- THE TASK
Excluding pictures, transcribe precisely the lines from the one containing "Хлопковые шорты карго" to the final line of the listing below, inclusive, and nothing more.

- DATASET CONTENT
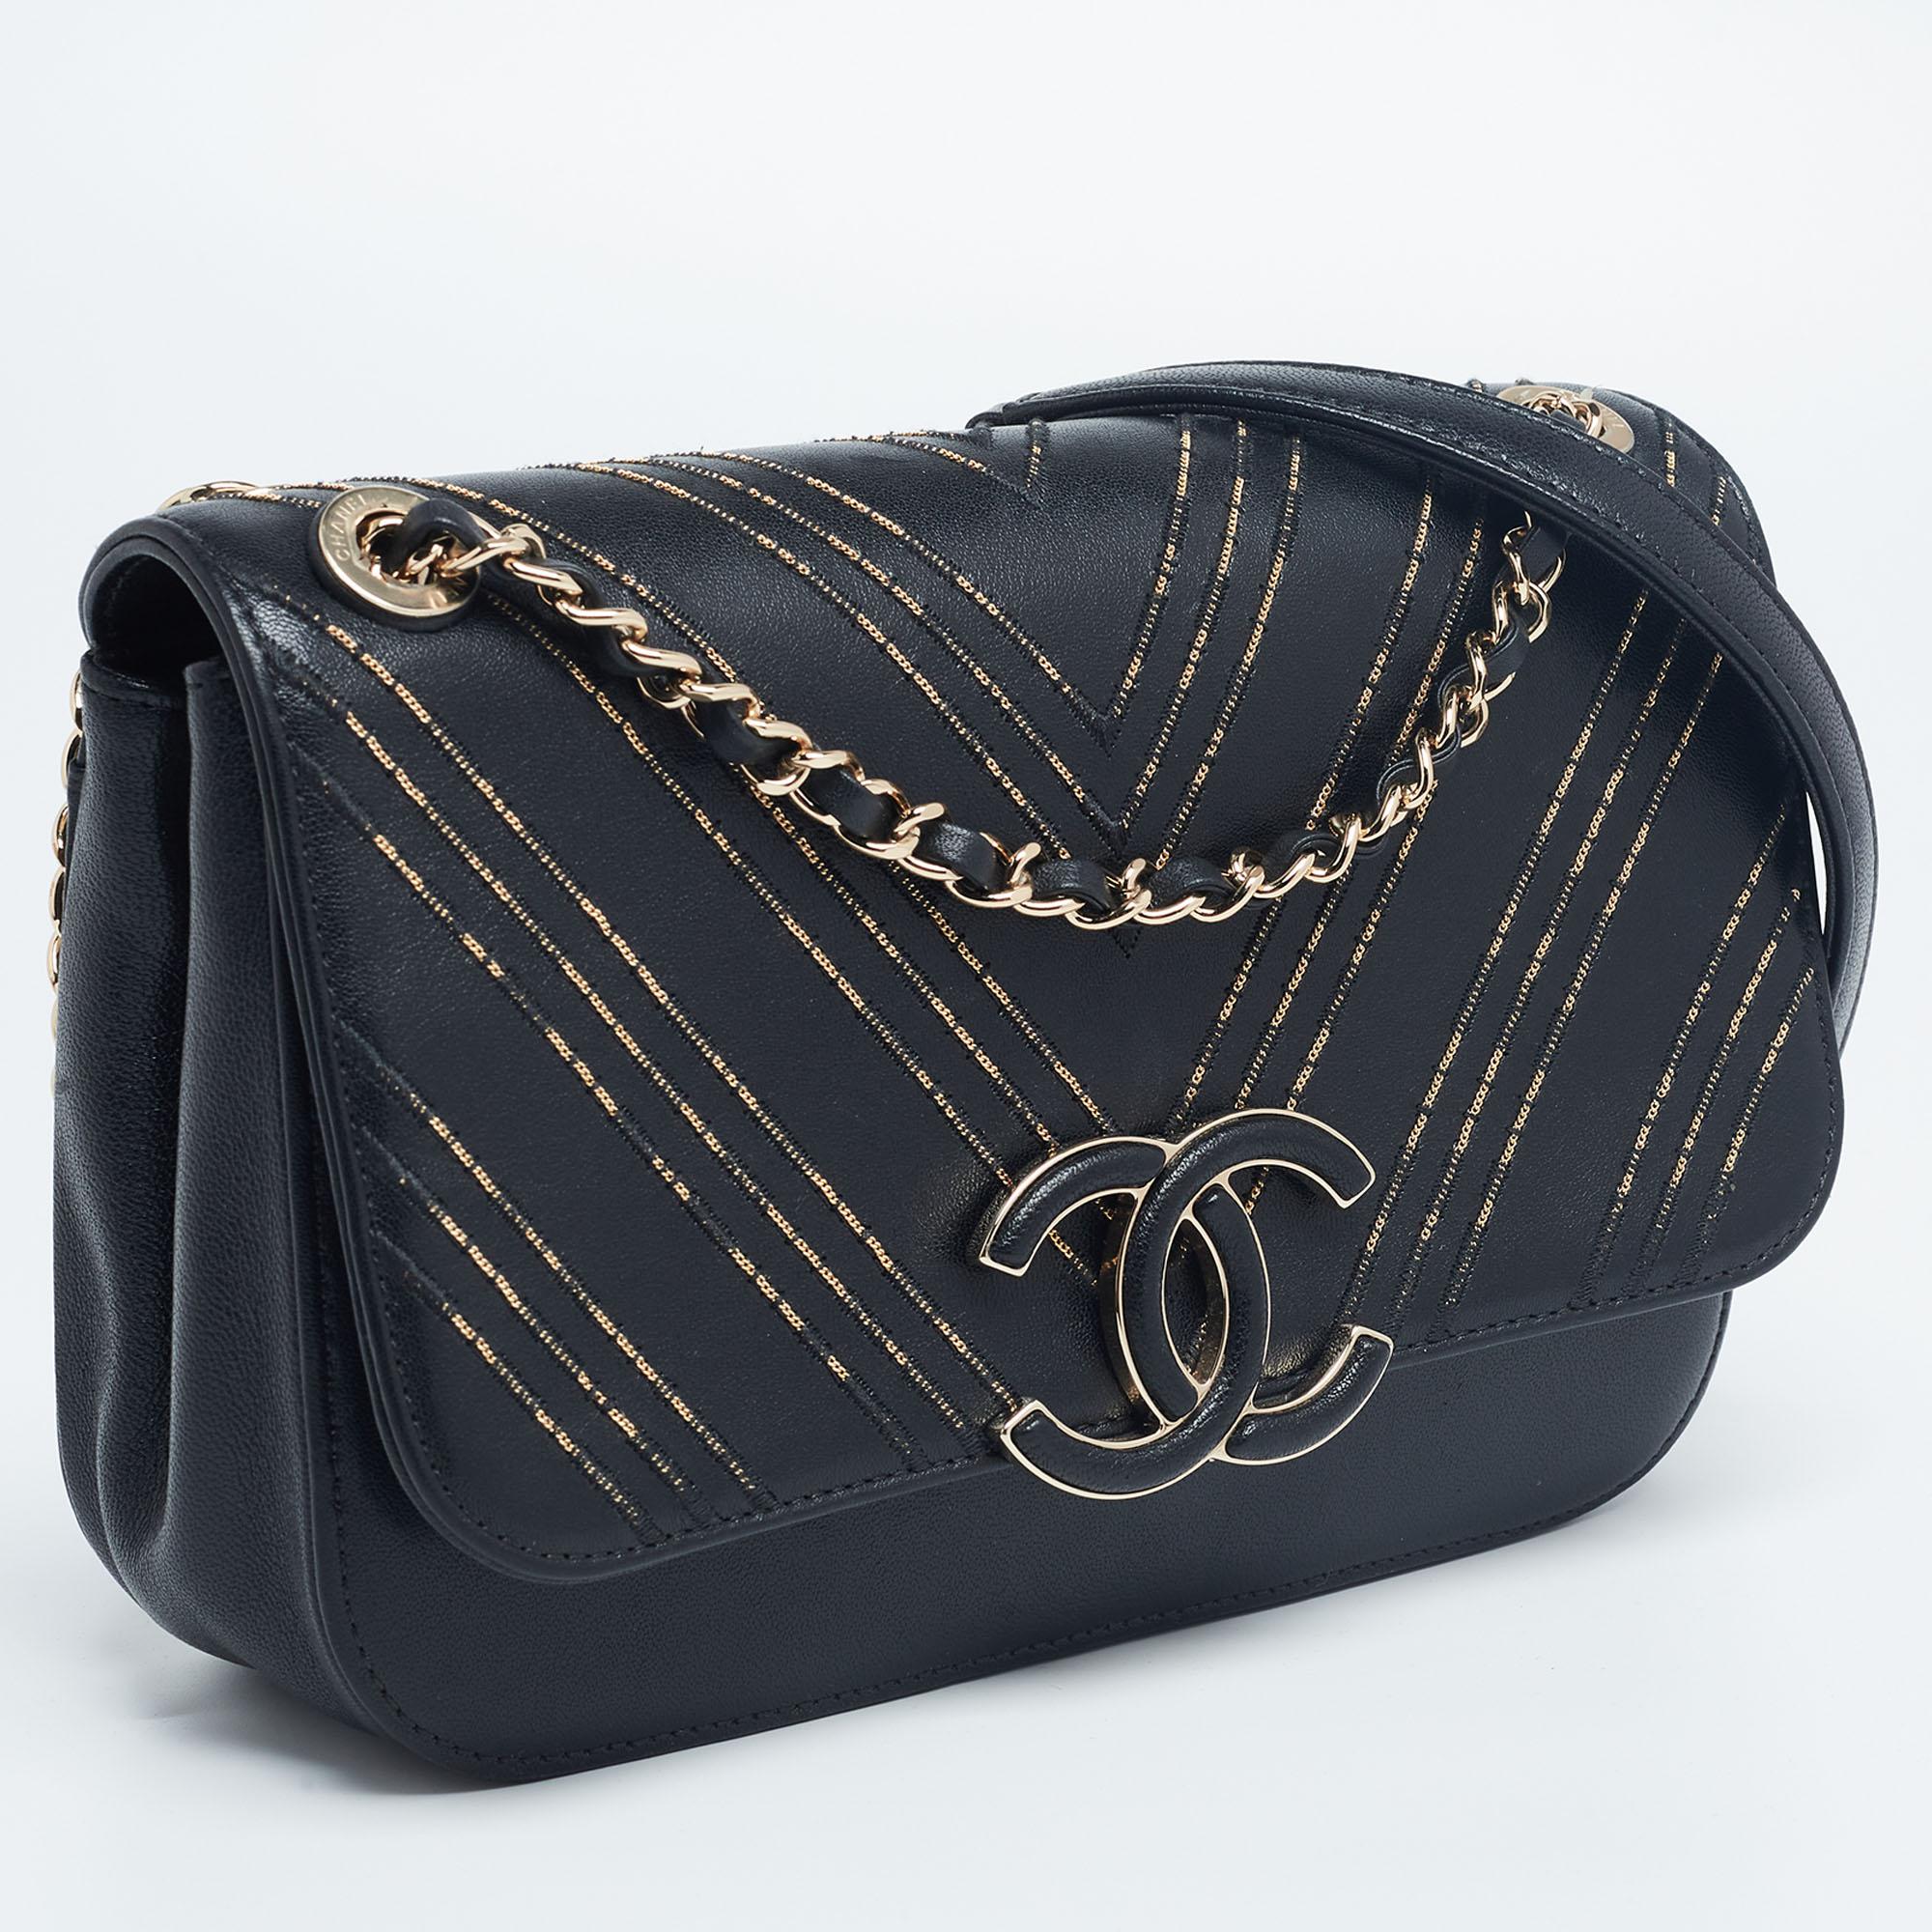 Women's Chanel Black/Gold Chevron Leather CC Subtle Flap Bag
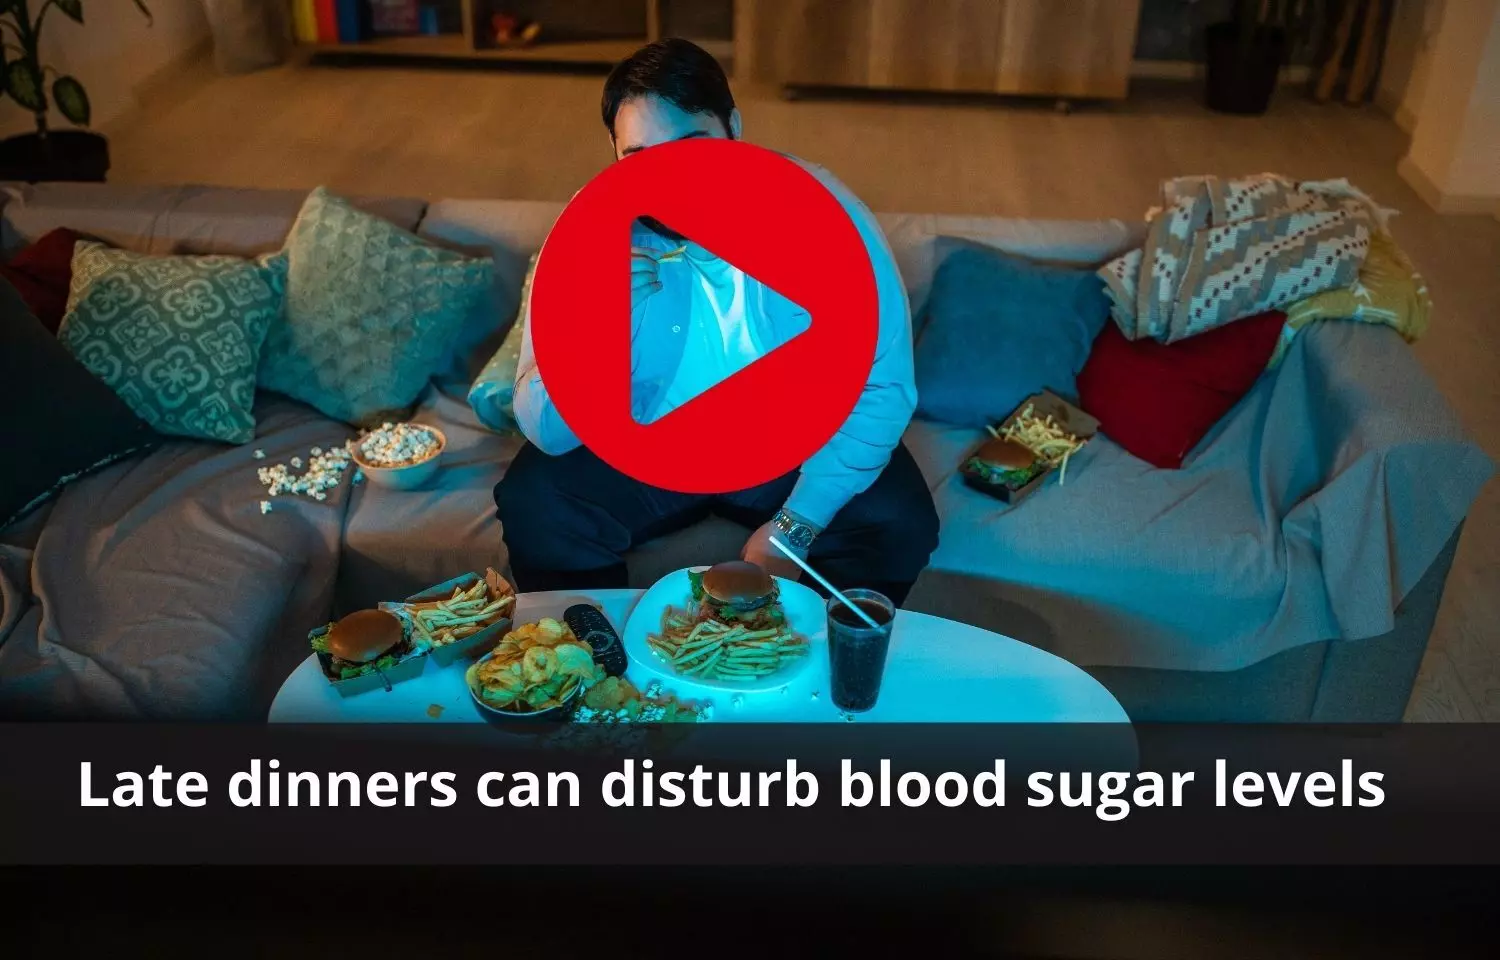 Improper dinner timing to affect blood sugar levels
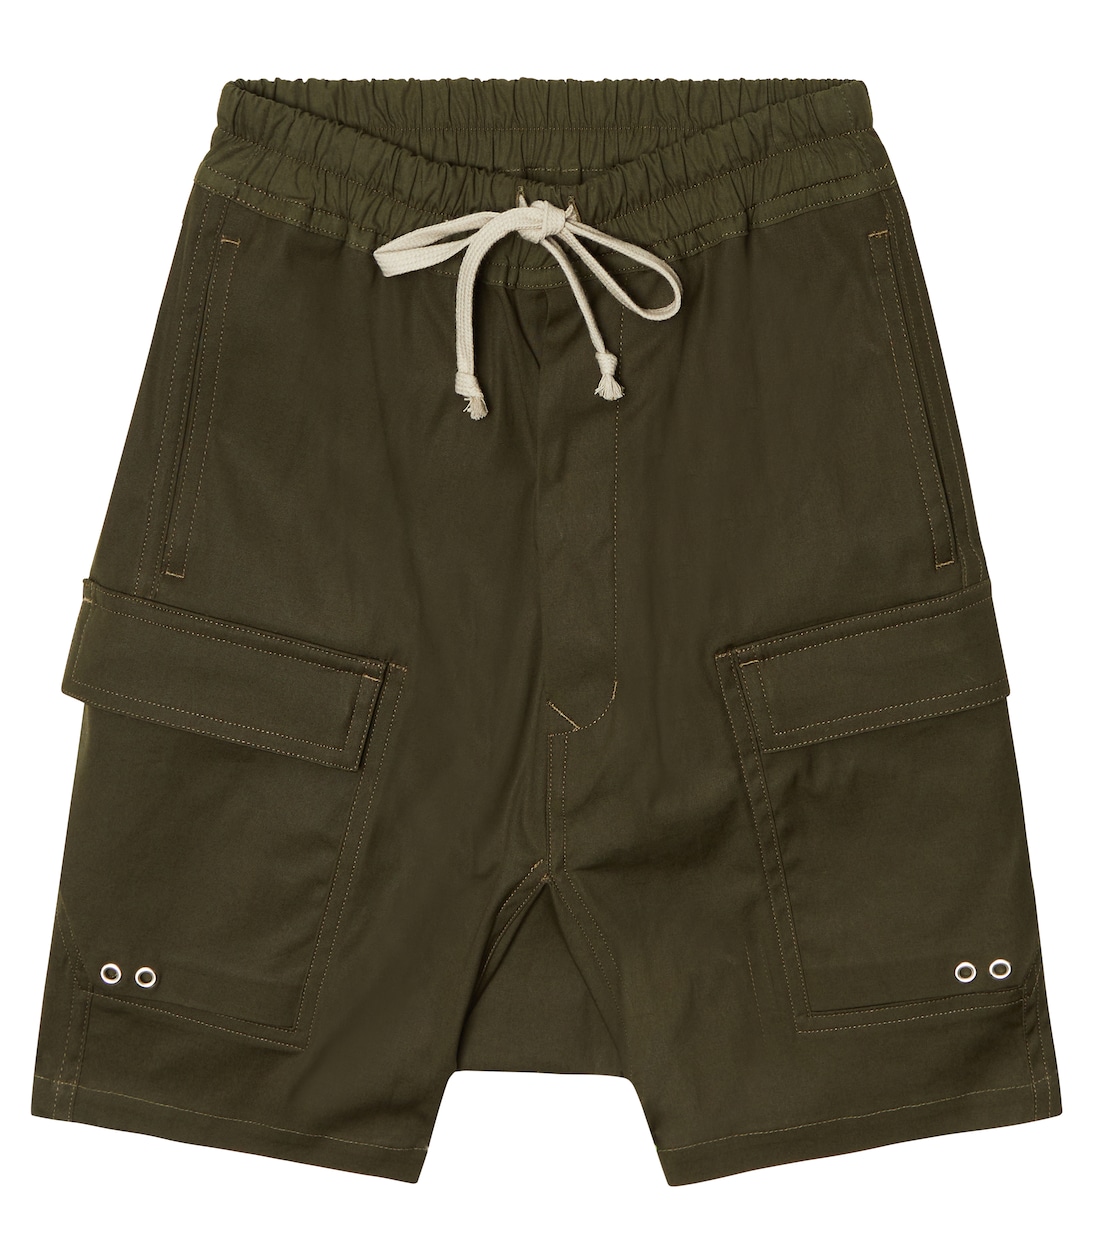 Хлопковые шорты карго Pods Rick Owens, зеленый черные джинсовые шорты карго creatch cargo pods rick owens drkshdw
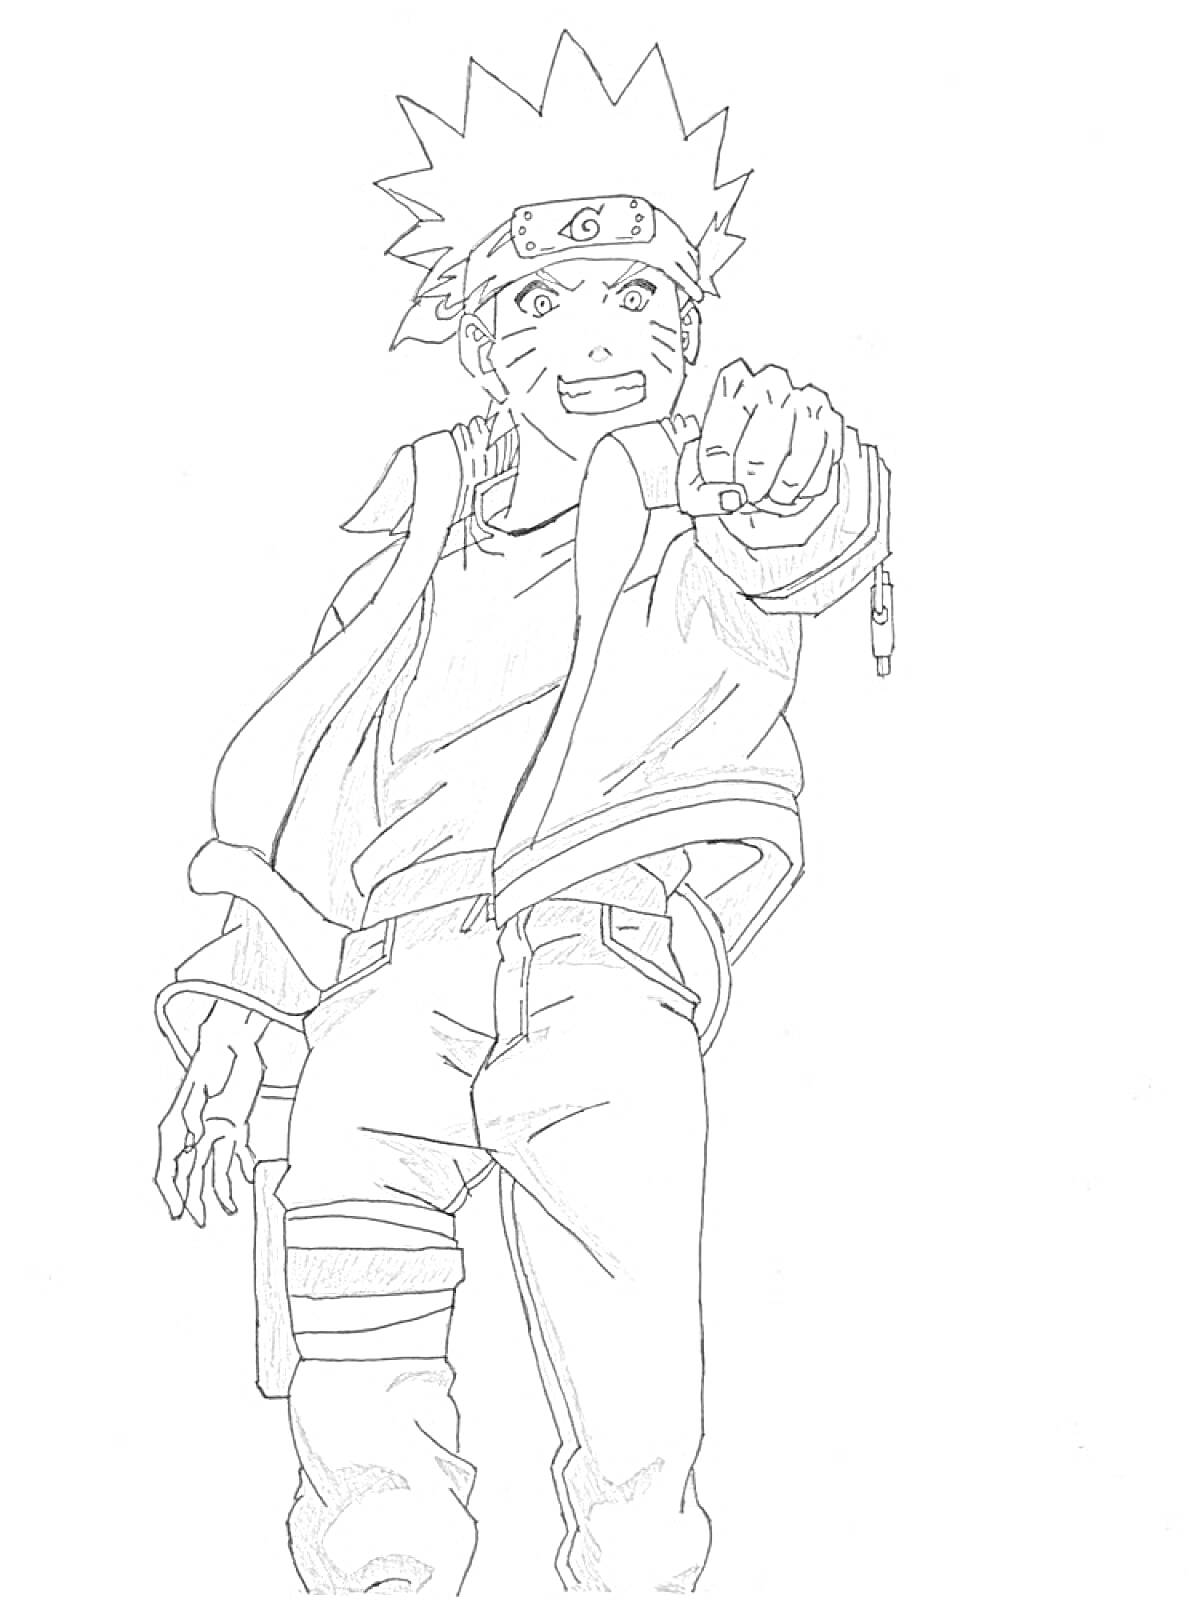 Раскраска Наруто в полный рост с поднятой рукой и кулаком, защитная повязка на лбу, карманная сумка на бедре

- EXERCISE RESPONSE
 Хлопковые шорты карго Pods Rick Owens, зеленый черные джинсовые шорты карго creatch cargo pods rick owens drkshdw
 Раскраска Наруто в полный рост с поднятой рукой и кулаком, защитная повязка на лбу, карманная сумка на бедре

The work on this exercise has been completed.